Champion Power Equipment 200988 4500-Watt Dual Fuel RV Ready Portable Inverter Generator, Electric Start25% Off (as of March 30, 2023 06:36 GMT -04:00 - More infoProduct prices and availability are accurate as of the date/time indicated and are subject to change. Any price and availability information displayed on [relevant Amazon Site(s), as applicable] at the time of purchase will apply to the purchase of this product.)
Westinghouse 12500 Watt Dual Fuel Home Backup Portable Generator, Remote Electric Start, Transfer Switch Ready, Gas and Propane Powered, CARB Compliant(as of March 30, 2023 06:13 GMT -04:00 - More infoProduct prices and availability are accurate as of the date/time indicated and are subject to change. Any price and availability information displayed on [relevant Amazon Site(s), as applicable] at the time of purchase will apply to the purchase of this product.)
Wesinghouse 6600 Watt Dual Fuel Home Backup Portable Generator, Transfer Switch Ready 30A Outlet, RV Ready 30A Outlet, CO Sensor, CARB Compliant(as of March 30, 2023 11:46 GMT -04:00 - More infoProduct prices and availability are accurate as of the date/time indicated and are subject to change. Any price and availability information displayed on [relevant Amazon Site(s), as applicable] at the time of purchase will apply to the purchase of this product.)
Dual Fuel RV Ready Porta-Potties For Winter
The easiest way to get your RV ready for you and your travel plans is to find a good quality RV ready portable inverter generator. An inverter generator changes the way that your RV runs by allowing you to power it from the batteries that are installed in your RV. This is done through an alternator. An alternator is a DC device that works against a battery to recharge it. Batteries are expensive, so it makes sense to use them to power your generator instead of having to add more expense to your RV purchase.
Some generators can be set up to provide both AC (alternating current) and DC (direct current). This type of RV ready portable inverter is referred to as a “dual fuel” generator. One of the best advantages to this is the reduction in voltage that occurs because only one engine is operating instead of two. Also, with the reduction in voltage there is a much smaller footprint. So it will take up less space in your RV and will power larger items such as electronics and even a hair dryer.
With dual fuel generators you have the ability to store enough gas in the fuel tank to operate for 12 hours or more when needed. The 12 hours of operation is called a “burn time”. Many people will actually bring their own fuel supply to operate this unit without bringing extra gas. A small amount of gas is added to the tank to keep the unit running smoothly.

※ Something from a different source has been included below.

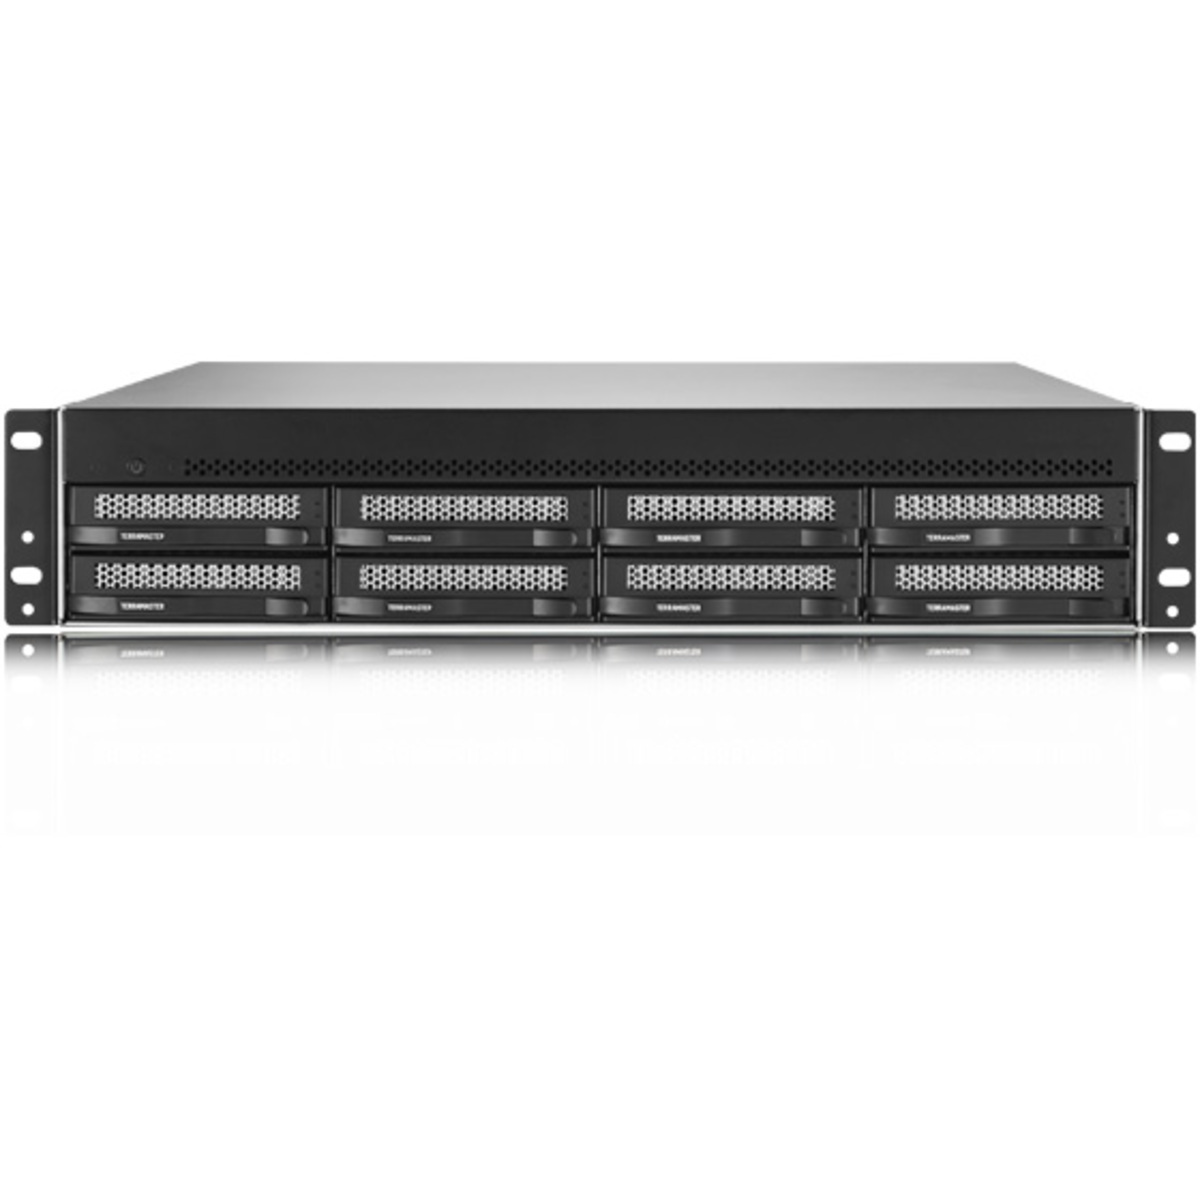 TerraMaster U8-450 154tb 8-Bay RackMount Multimedia / Power User / Business NAS - Network Attached Storage Device 7x22tb Seagate IronWolf Pro ST22000NT001 3.5 7200rpm SATA 6Gb/s HDD NAS Class Drives Installed - Burn-In Tested U8-450

Many of these units are portable, but some are stationary. Which type of unit you need depends upon how much RVing you plan to do. If you just want to travel around on camping trips with your RV and your sleeping bag then a small portable generator will work great for you. However, if you plan on hitting the highway and going to places like Las Vegas or Atlantic City then a bigger and stationary dual-fuel generator will be necessary.
The best generator to use will depend upon your needs. The size and the power will all play a big part in what generator you will need. Also, you will need to make sure the unit has a carb compliant fuel source. This means that the unit will only run on natural oil or propane fuel sources. Dual fuel generators that do not have a carb compliant fuel source will not run properly and could potentially explode.

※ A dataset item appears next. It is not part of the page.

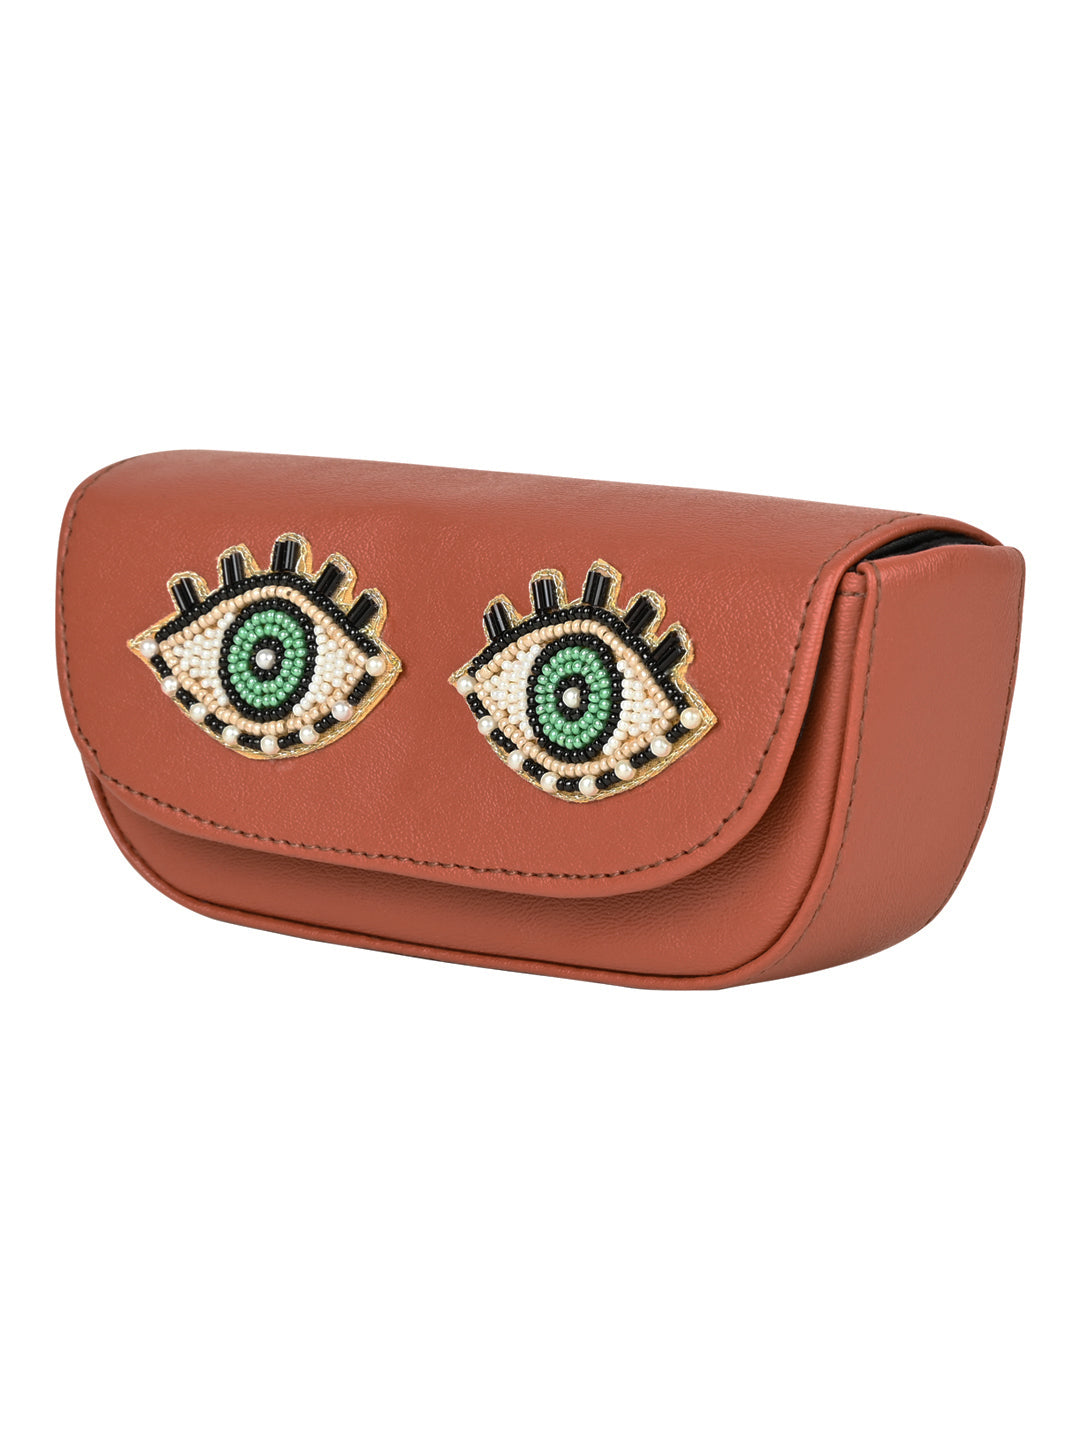 Protect your sunglasses with flair in our fashionable sunglass case.

One thing you need to know about these portable generators is that they can come in both economy and full economy modes. The economy mode runs on natural gas, while the full economy mode uses diesel fuel. Both of these options will provide you with some starting power but not as much as a nitro system would. The diesel fuel source is very affordable, so most people would opt for it when purchasing this type of RV ready generator. The fuel source can be changed easily just by switching out the gas tank from time to time. In addition, you should note that the full economy mode usually costs more than the economy mode since it uses a bit more power at startup.
The size of the generator needed will also depend upon whether you are using it in a cold weather environment or not. In cold weather climates, a portable generator that uses propane can be helpful. You should note that it may take longer to start up in a cold weather environment but that it will be worth it in the end. The generator is better suited for use in cold weather climates.
Gasoline powered generators can be nice to have in the event you are short on cash but you want something that can run up your bill. This generator is much cheaper and can give you the power you need in case you run out of gas. Since there are two fuel sources you can use with this generator, gasoline and diesel, you can get a bit of versatility from it. Most RV owners who use this generator prefer to use gasoline but if you want to use diesel you can. The only thing to keep in mind is that it does use a bit more gas than a regular generator would so it will cost you a bit more.